Ага, вот не по главной, правда, дороге, идущей через весь город, а по переулку прошествовал откровенный самурай: два меча за поясом, правая рука на рукояти катаны, выбритый полукругом лоб, волосы собраны на затылке в пучок. Самураю, похоже, некуда было спешить. Он остановился и долго во что-то всматривался.
Артем разглядел на западной окраине города многоступенчатую пагоду буддийского храма. А совсем близко от него наблюдалось строение попроще – наверняка синтоистский храм…
На что угодно можно забиться, что из деревни Ицудо начал превращаться в город, когда построили замок. Люди стали селиться вокруг замка, разумно полагая, что в случае чего укроются за его стенами. Обычная история. А замок – Артем не уточнял, но был в этом почти уверен – наверняка отстроили во времена той знаменитой затяжной войны, о которой рассказывал Такамори, войны местных Алой и Белой Розы… чего-то Артем запамятовал, как там прозывались эти самурайские роды. Короче, еще одна обычная история – схлестнулись могущественные кланы. Как Монтекки и Капулетти, как чеченские тейпы…
Замок даймё Нобунага отлично просматривался с занятой Артемом позиции. Замок был что надо. Киношники, профилирующиеся на исторических фильмах, с ума бы посходили от восторга, дай им кто поснимать такое сооружение.

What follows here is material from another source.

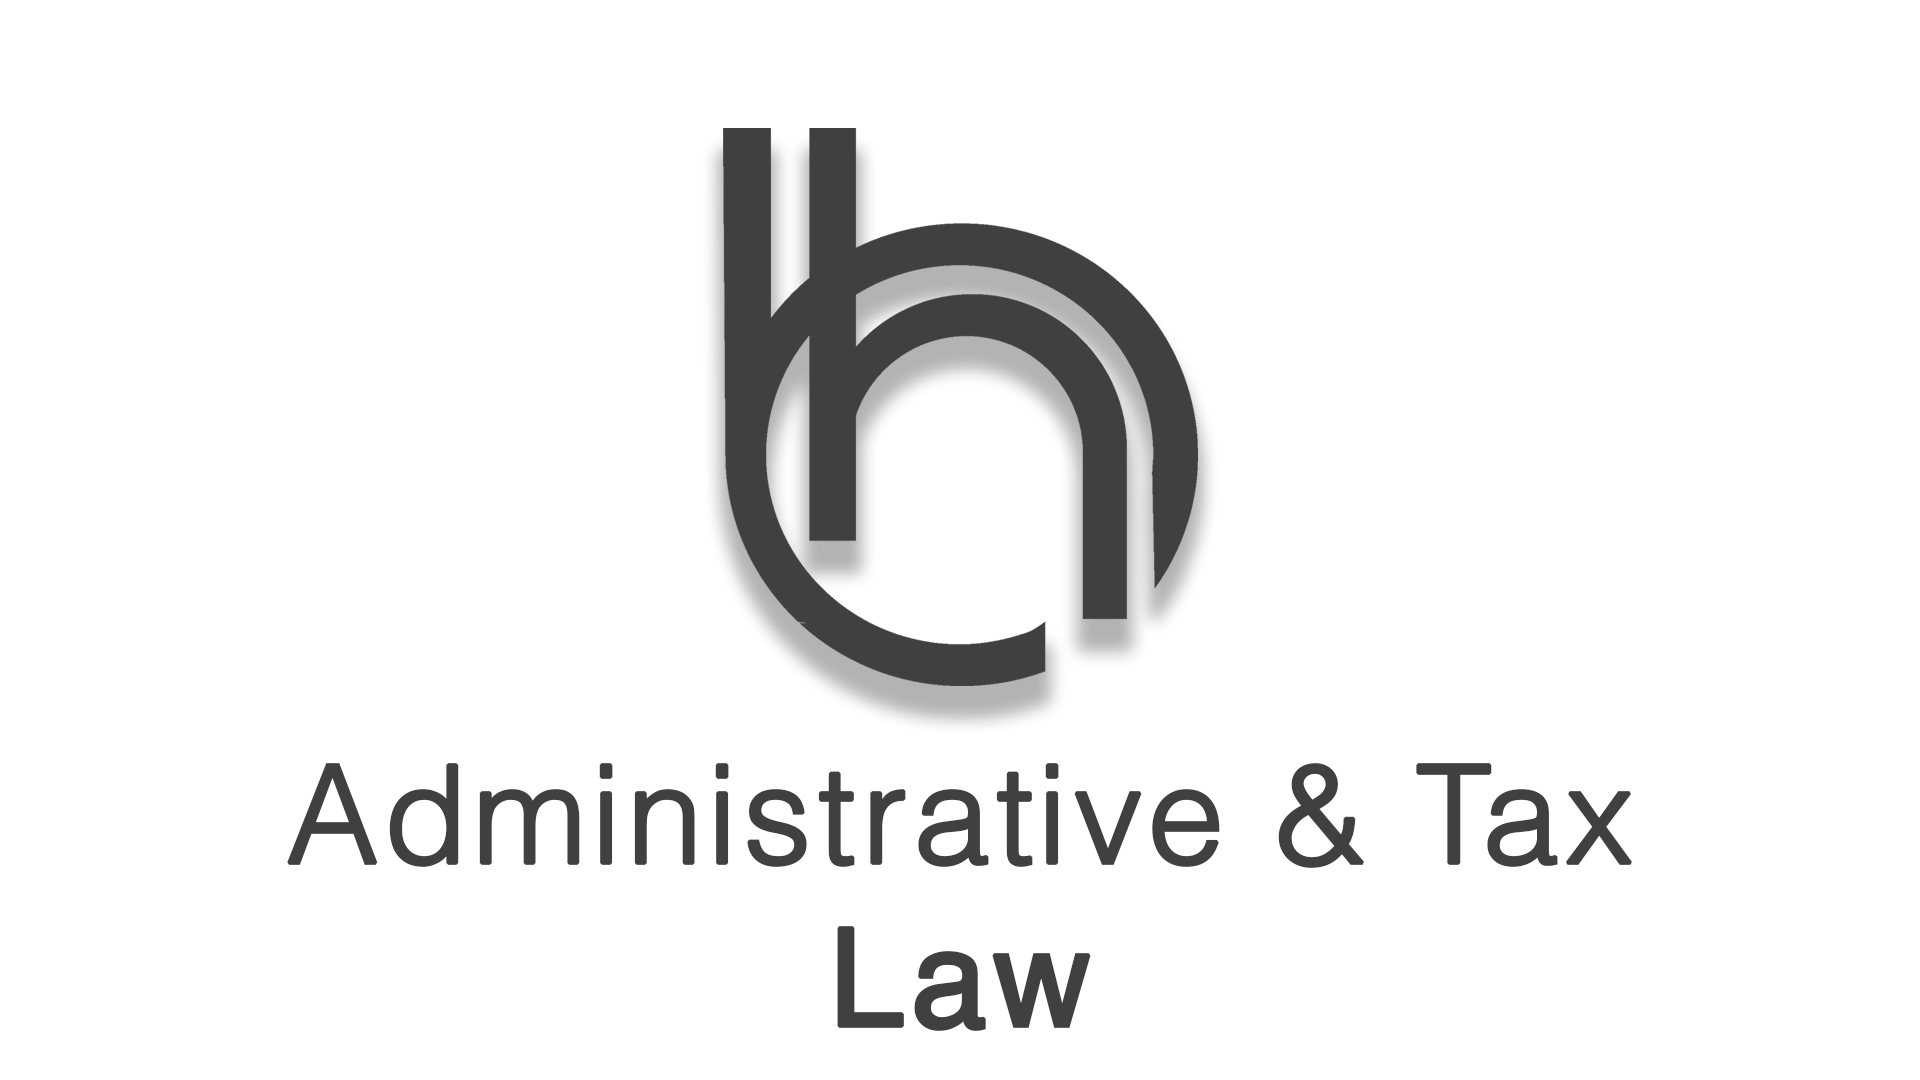 Administrative & Tax Law

Замок окружает ров с водой. Мост через ров каменный, узкий, неподъемный. Ворота замка деревянные, обитые широкими металлическими полосами. Стены высокие, оканчиваются зубцами. По стене бродят караульные.

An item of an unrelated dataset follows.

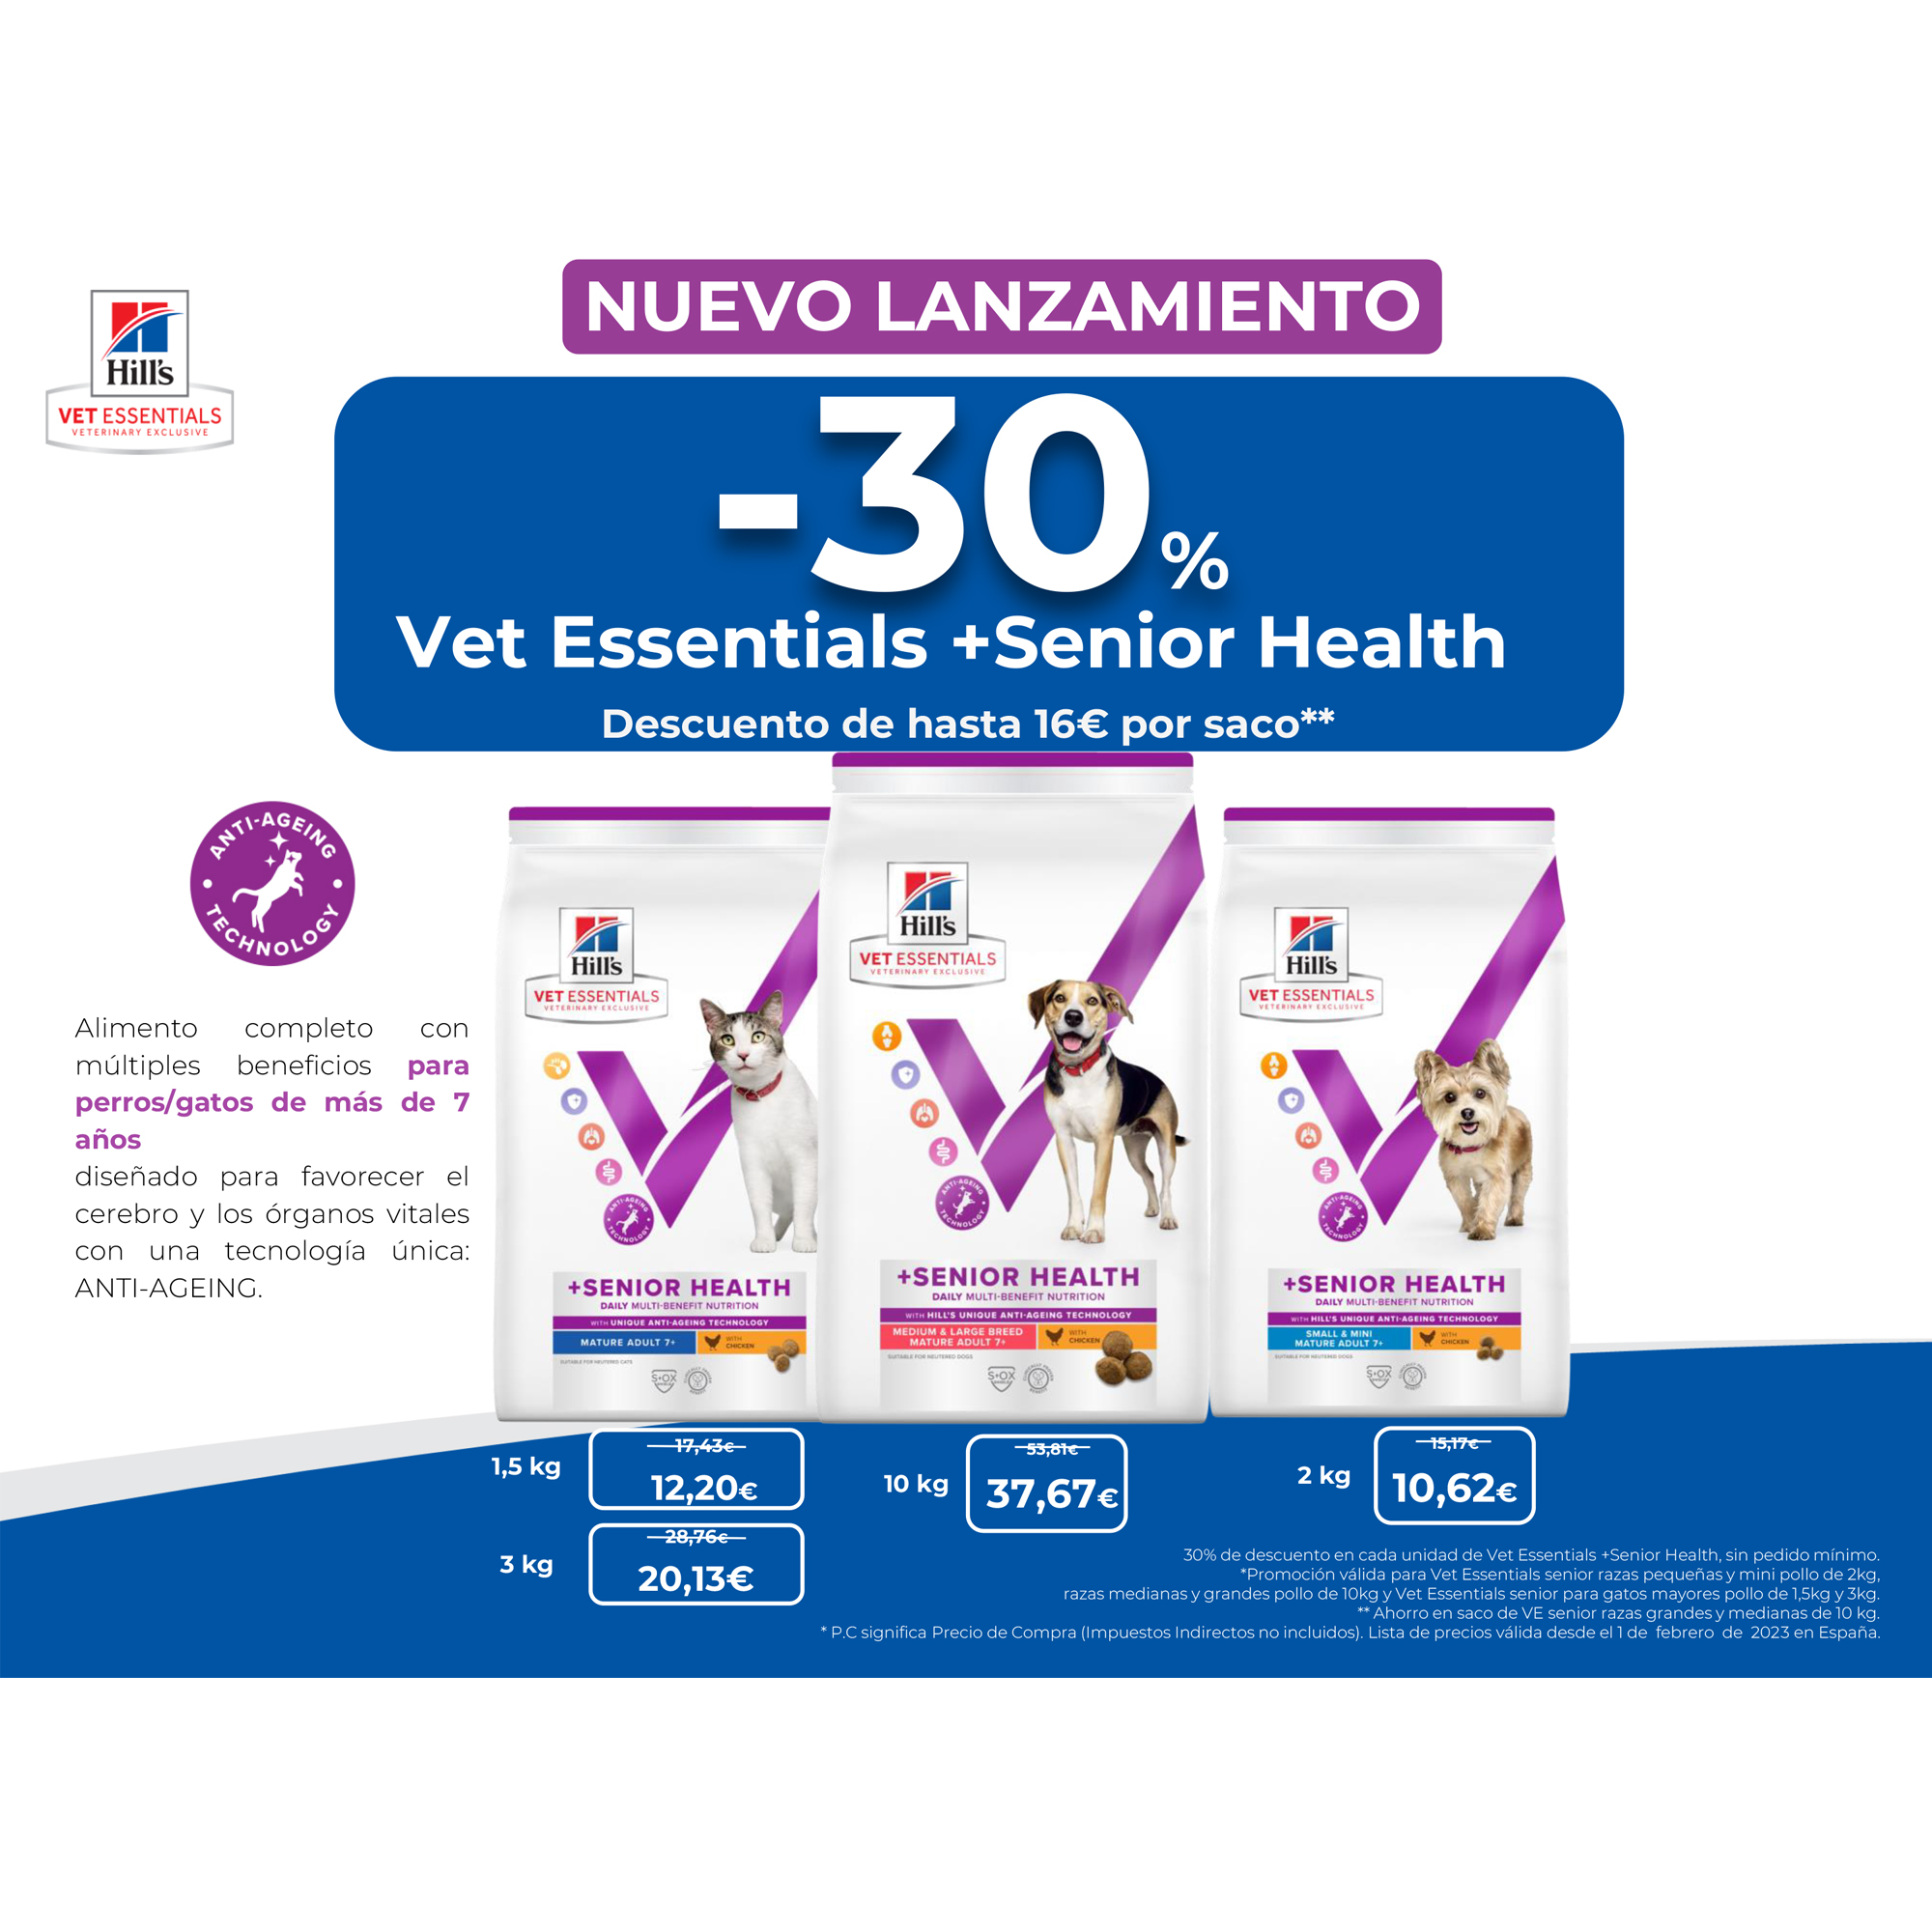 NUEVO LANZAMIENTO -30% Vet Essentials +Senior Health

Вон к замку проскакал отряд, не иначе, самурайский. Человек двенадцать, все в чешуйчатых доспехах. На скачущем впереди всаднике рогатый шлем. К седлу последнего всадника приделан шест с флагом, флаг узкий. На расстоянии не определишь, какого цвета сей штандарт и что на нем изображено. А что-то изображено, определенно…
Пялиться и дальше на картинки из учебника истории надоело. Да и не трепетную дрожь они вызывали у Артема, а отвращение и тоску. Это, насмотревшись по телеку всяких «Иван Васильевичей», хорошо пофантазировать на диване – а вот как бы и мне туда попасть, вот бы я развернулся. На самом же деле веселого мало. У Артема так и вообще веселье отсутствовало напрочь. Не было на сегодняшний день у Артема желания сильнее, чем желание вернуться назад, в свой век.

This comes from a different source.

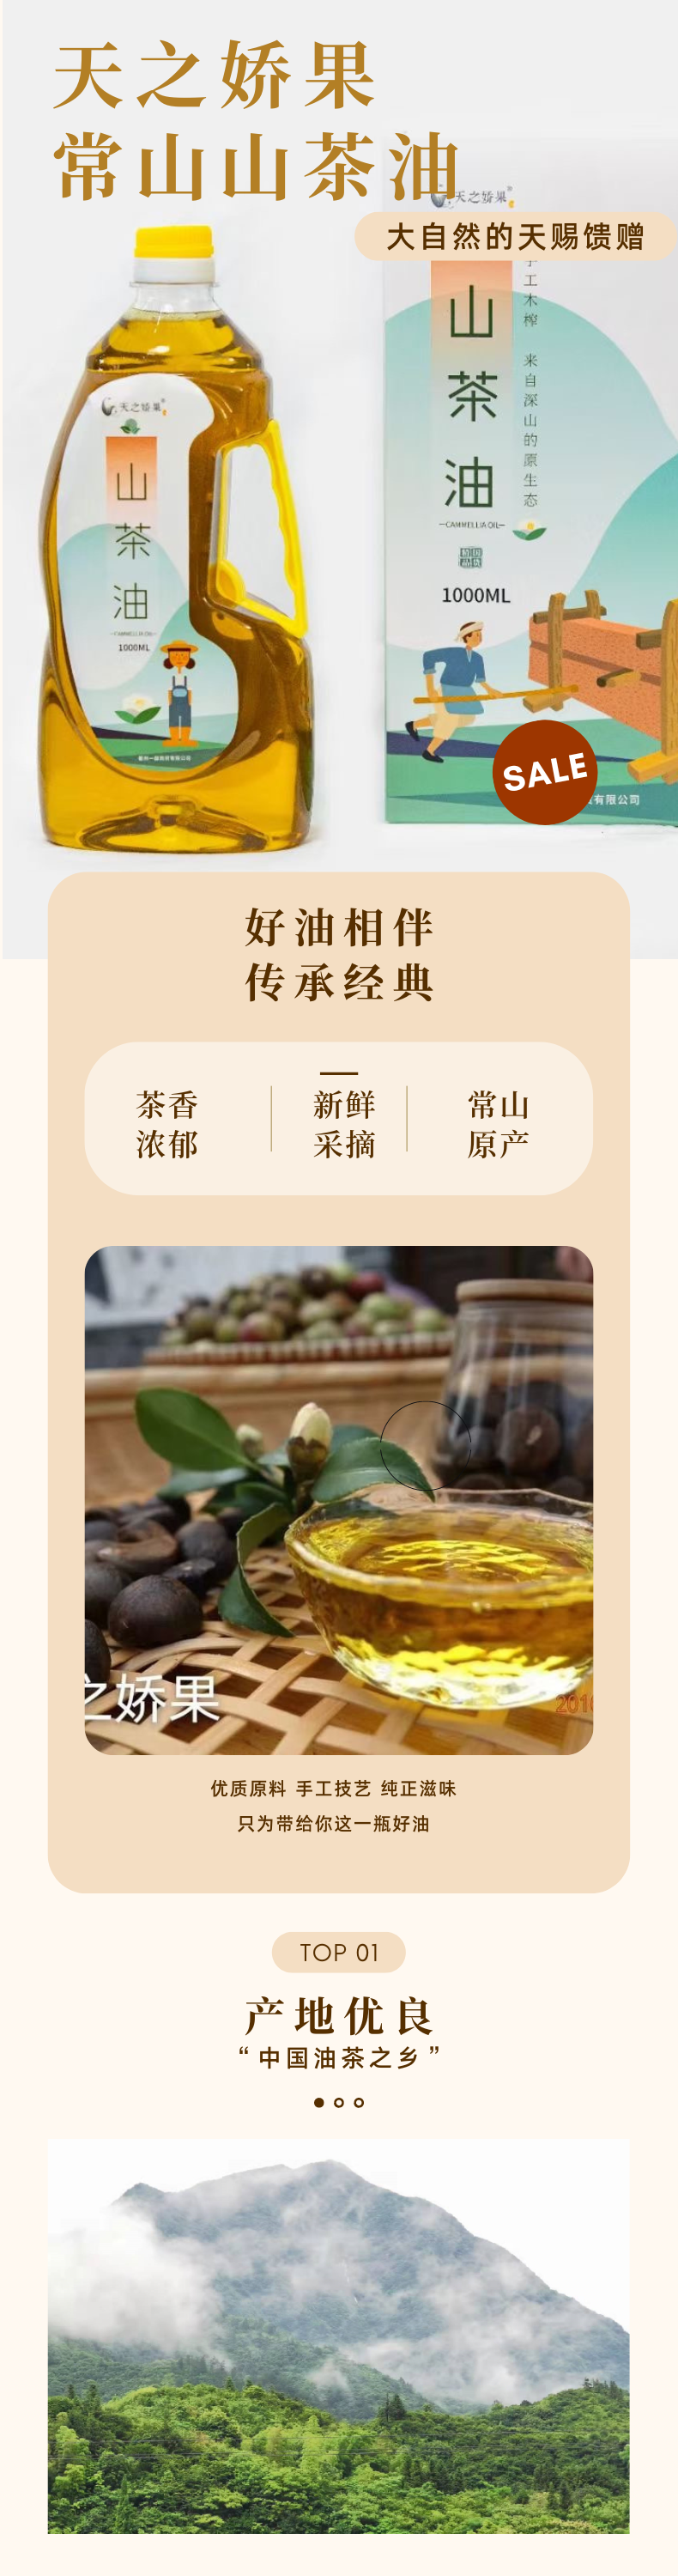 山茶油长寿月子油古法手工压榨纯植物萃取茶籽油野生原生态油茶1L*1详情1

Ну, а пока следовало вернуться в лес. К тому же долго валяться на холодной земле не шибко полезно – так учит медицина. А с земли не поднимешься – склон, на котором находился сейчас Артем, безлесый, да и кустики, на нем произрастающие, не могут похвастаться высотой и густотой.
Артем пополз в направлении леса. Совсем нежелательно, чтобы его заметил кто-то посторонний. Даже если этим посторонним окажется не самурай, а, допустим, простой земледелец. Он может помчаться к самураям, и тогда начнется облава, уйти от которой шансов не особо много. Потому что в облаве непременно примут участие верховые, а лес здесь редкий, на лошадях скакать легко – за короткое время прочешут большую территорию. Словом, могут возникнуть проблемы. А они нам нужны?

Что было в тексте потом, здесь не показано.